• Thread starter Suicidal Gingerbread Man
  • Start date
Towers 500m tall are not practical in Canada, we just don't have the population and it doesn't make financial sense to build that tall. The only place in North America that makes sense for them is New York City with the dense population and large companies demanding it.

Most supertall/megatall towers outside of NA are being built in cities with large populations in nations that are rapidly developing. Most of these are dictatorships and only care about appearances and filling demand. These large towers are also built as cheaply as possible, most likely with slave labour and lacking tons of safety standards that we enjoy over here.
Your points are well taken but you're talking to a wall. Fanboys don't care about dictatorships, slave labour, cheap builds and zero safety standards. Dangle Moscow, Dubai and Shenzhen in front of them and they foam at the mouth.
 
Today:
Falling ice from this building forced Bay Street to be closed at this intersection.

CIBC SQUARE 12:3 3.jpeg
CIBC SQUARE 12:3 1.jpeg
DSC_2424.jpeg
DSC_2370.jpeg
 
Falling ice doesn't bode well for the glass ceiling along Bay St. Hope they ordered extra pieces of glass.
 
Where was it falling from? Do you know? I mean the building’s cold until it’s occupied I guess so it could be from anywhere, or was it the crane for example?
 
Hmm, that's very concerning. I hope this doesn't become a long term problem for this tower. It's grooves and lines might make it conducive to this, although I am not a SME on this topic.
 
Am I the only one here who doesn't give a fig about 400+ m towers?

I'd take the two 200 m towers any-day. Spread that building footprint around.

Exactly, the spread of density can be a much larger improvement to the skyline in comparison to one incredibly tall tower.

There's nothing wrong with height, and height is always exciting, but it's crazy to talk about 400m+ when things are just now finally going over 300m. It was only a couple years ago that we got a 344m proposal with the former design of YSL, so we are definitely heading there, but slowly.
 
Your points are well taken but you're talking to a wall. Fanboys don't care about dictatorships, slave labour, cheap builds and zero safety standards. Dangle Moscow, Dubai and Shenzhen in front of them and they foam at the mouth.

I'm somehow reminded of this graphic whenever the supertall fanboy talk comes up.


1575520631217.png




Context: This was part of a campaign by United Way to raise awareness of poverty in the GTA. "Though the GTA appears to be a prosperous and thriving region, it is actually the poverty capital of Canada, with one in seven residents struggling enough financially to have to worry about a roof over their head. The building, dubbed the #unignorable tower, would need to have space for 116,317 individuals and families. It is physically impossible to build and would be the world's tallest structure — which proves the point of how massive our poverty and homelessness problem is."
 
^^^ "Screw poverty and homelessness! Give me that giga-tall! Dubai's getting one! They're so much more advanced than us! Wahhhhh!"

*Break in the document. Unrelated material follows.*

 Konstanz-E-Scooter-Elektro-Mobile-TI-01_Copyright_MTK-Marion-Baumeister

(I'm sure there are fanboys here who are salivating over that United Way pic.)
 
Hmm, that's very concerning. I hope this doesn't become a long term problem for this tower. It's grooves and lines might make it conducive to this, although I am not a SME on this topic.
Again though - what happens during construction won't be the same as in use. Hence my pondering about where it was falling from. There was a picture a few pages back with snow on the glass. That glazing is right now sat with cold on both sides, I would imagine that it would be less likely for snow to stick to glass if it was even a degree above freezing, which it probably will be when it's a nice warm office on the other side. Then there's the bit at the top that's not even clad yet, and the crane arms etc. Plenty of bits of steel etc for snow and ice to build up on then fall from.

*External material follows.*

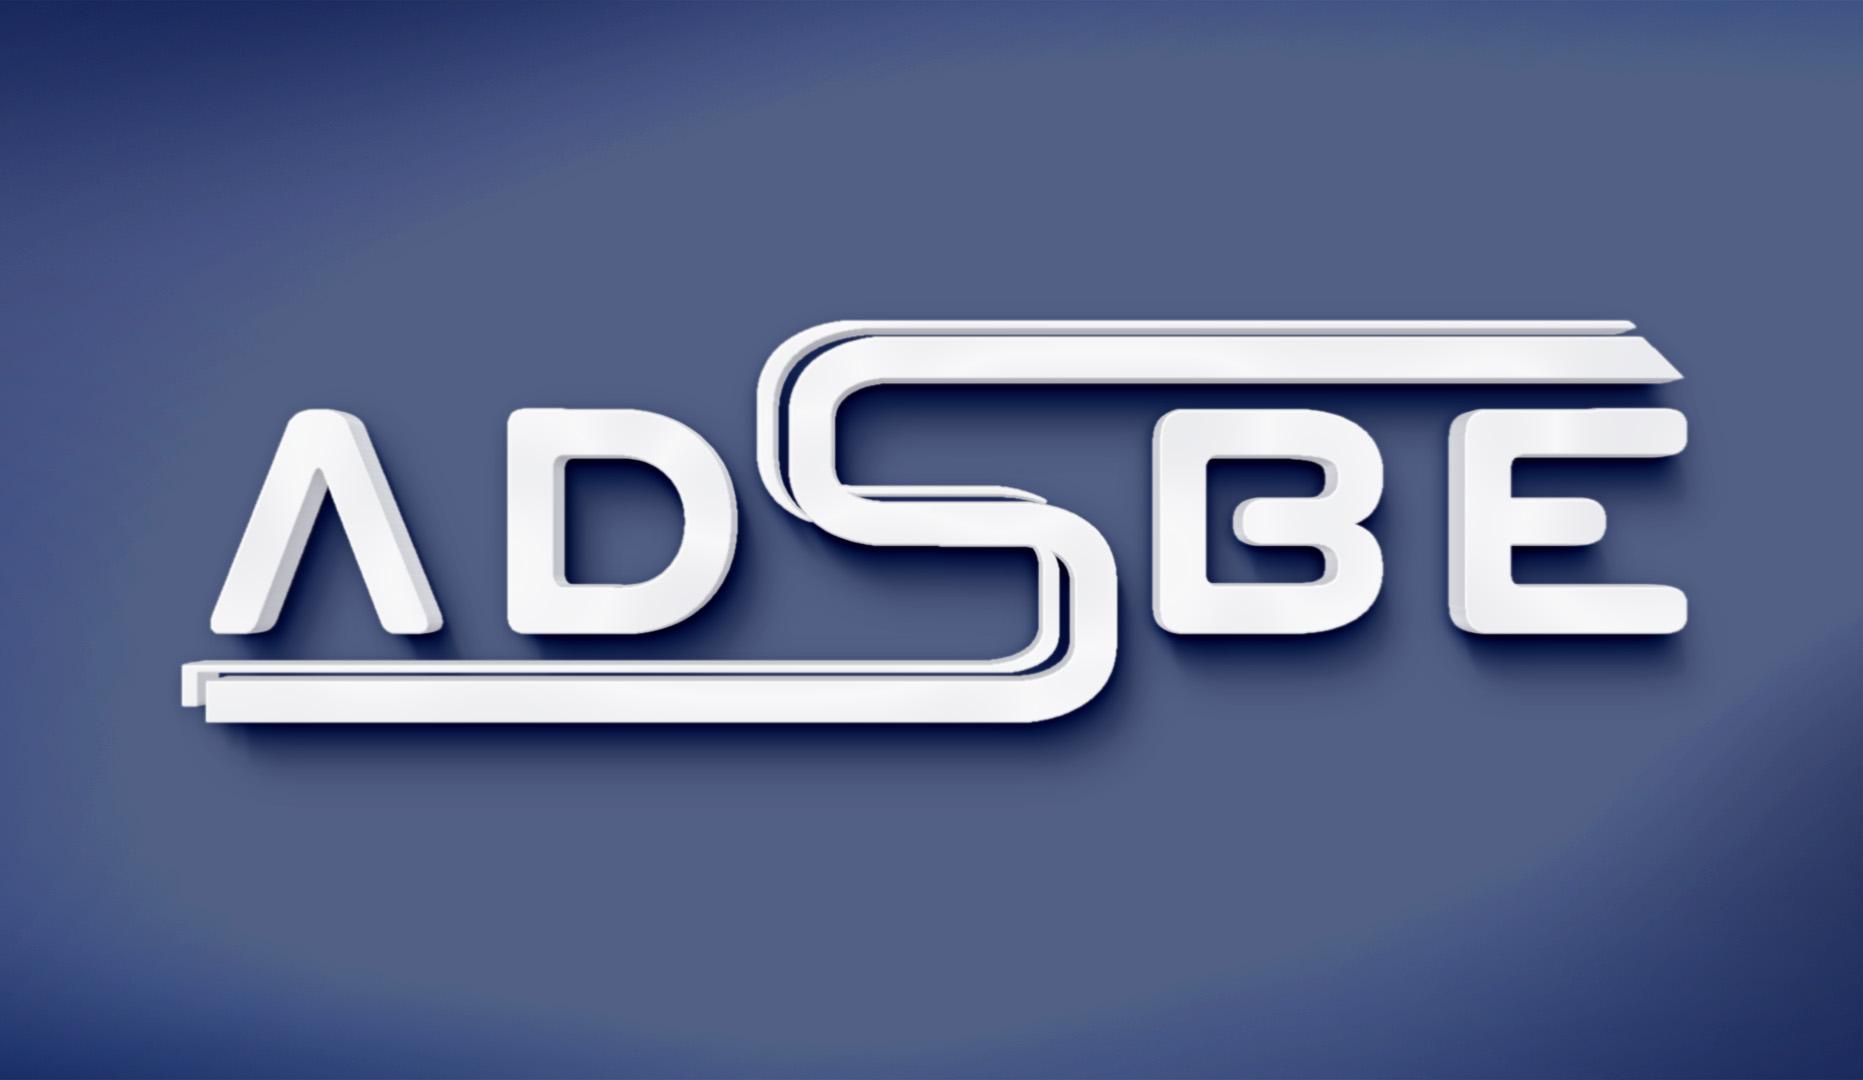 Разработка логотипа для CPA-сети фото f_526587f7e5687686.jpg

I'm not sure what you can realistically do about it during construction. It does make me think they may have been a bit keen putting the glass on the canopy with so much still going on up top.
 
I'm somehow reminded of this graphic whenever the supertall fanboy talk comes up.


View attachment 218536



Context: This was part of a campaign by United Way to raise awareness of poverty in the GTA. "Though the GTA appears to be a prosperous and thriving region, it is actually the poverty capital of Canada, with one in seven residents struggling enough financially to have to worry about a roof over their head. The building, dubbed the #unignorable tower, would need to have space for 116,317 individuals and families. It is physically impossible to build and would be the world's tallest structure — which proves the point of how massive our poverty and homelessness problem is."
You know this would be beyond shadowing issues for the entire city.. lol cool but also a boring design
 
Where was it falling from? Do you know? I mean the building’s cold until it’s occupied I guess so it could be from anywhere, or was it the crane for example?

It’s hard to say exactly, but several sheets of ice were falling directly onto Bay Street, in addition to reports elsewhere of pieces falling onto the Gardiner.